If you’re a budding JavaScript coder and want to be an expert at it some day, heed my words and steer clear of JavaScript libraries. There are scores, if not hundreds of them out there and you’d do well to avoid them all. It isn’t because they’re ill conceived or badly coded. Rather, their use promotes laziness and subsequent stagnation (dare I say regression?) in the growth of a programmer who gives into the temptation to use them.
Granted, libraries are beneficial and some of the functionality they offer is down right invaluable (see: YUI Event Utility). But I’m of the opinion that any programmer that’s serious about their work should at one point or another have at least attempted to write the very same code found in those libraries themselves.
Think about it, what benefit is it to you as a programmer, to download a library, plug it in, and watch it do magical things for you? It might make your site look cool, but you’d benefit very little if anything at all as a programmer. You’d get much more out of the painful experience of knocking your head against the wall and trying to figure out how to do things for yourself. It’s a foregone conclusion that the best way to learn something is to get involved. Thus, to learn to be a programmer, you need to program!

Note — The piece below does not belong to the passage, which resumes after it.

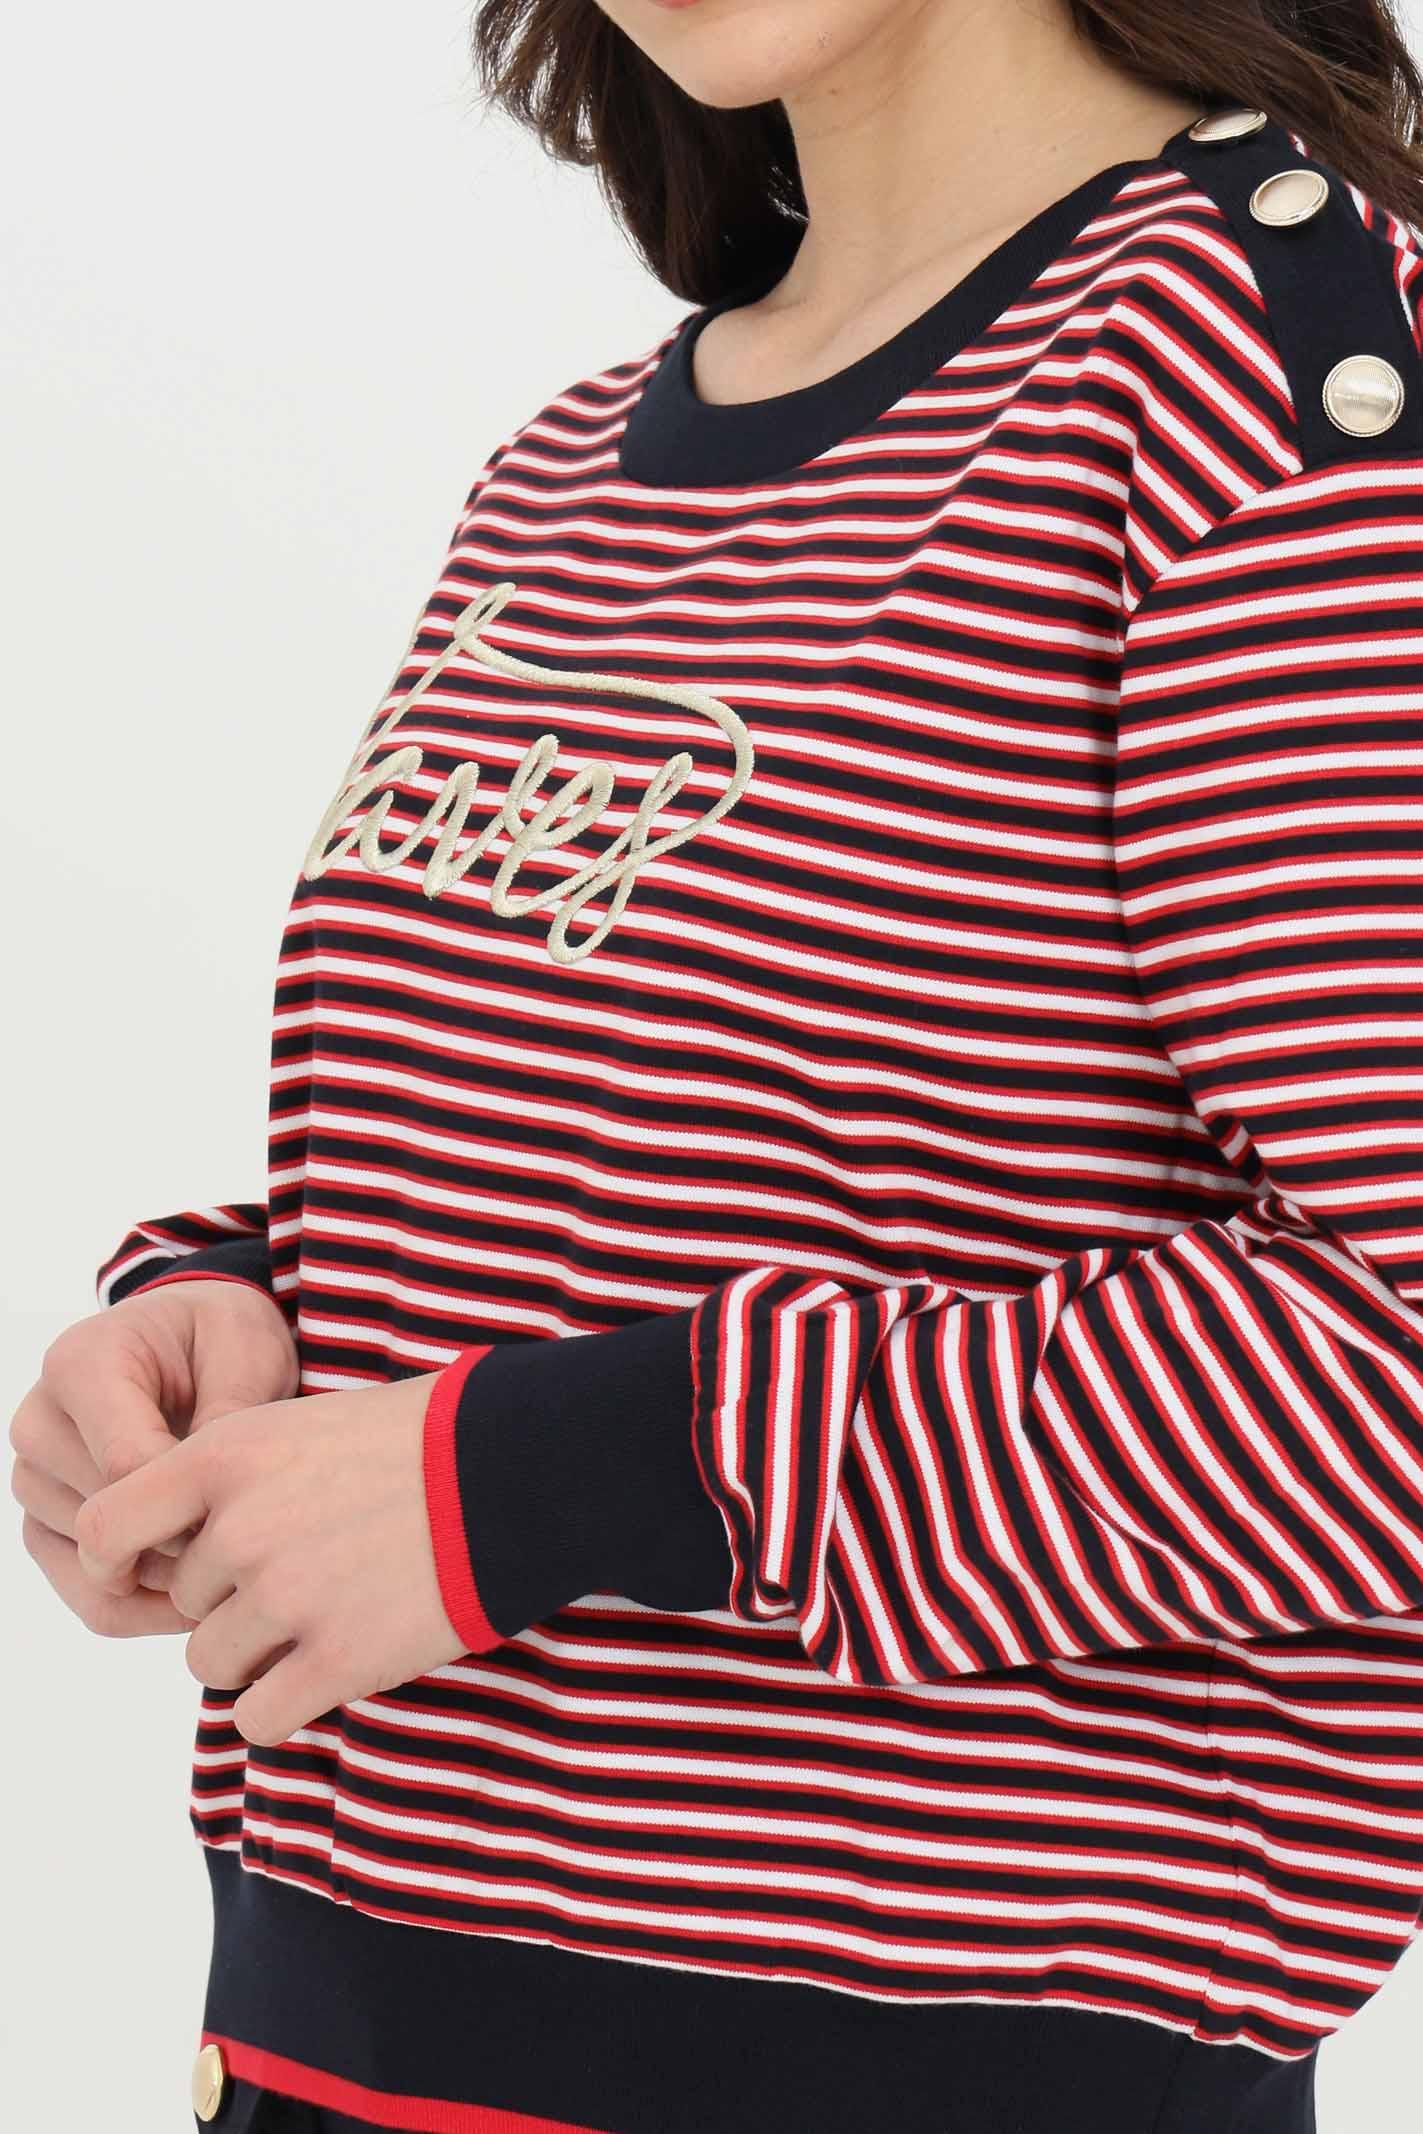 Felpa donna rosso-nero liu jo girocollo stampa a righe con stampa frontale oro ricamata in rilievo. Scollatura ampia. Tre bottoni dorati applicati sulla spallina sinistra LIU JO | Felpe | WA1529J6183T9701

Realistically though, time and budget constraints don’t always allow for the writing of programs from scratch. But that isn’t the point. The key is to take the time (your own time if need be) and learn the language for yourself. Otherwise, all you’re doing is glorified copy and pasting.
In as far as learning is concerned, I’ve come to the realization recently that learning JavaScript unguided on the internet is a very, very bad thing. It is after all, the world’s most misunderstood language. So if you’re eager to learn, I have a very important piece of advice for you. Don’t try and learn by using “view source”. The JavaScript you’ll find there was written by one or two people in 1994 and subsequently copied and pasted by everyone else on the internet, having mutated in the process. It’s bad, bad code. Don’t touch it. The best resource I can point you to is “Douglas Crockford’s JavaScript” (do yourself a huge favour and start by watching the videos listed on that page). As of this writing, Douglas Crockford is a JavaScript Architect at Yahoo!, and from what I can tell, knows about as much as any human being can possibly know about JavaScript. I can honestly say that I’ve learned more from him in a few days’ time than I have in the past two years on my own.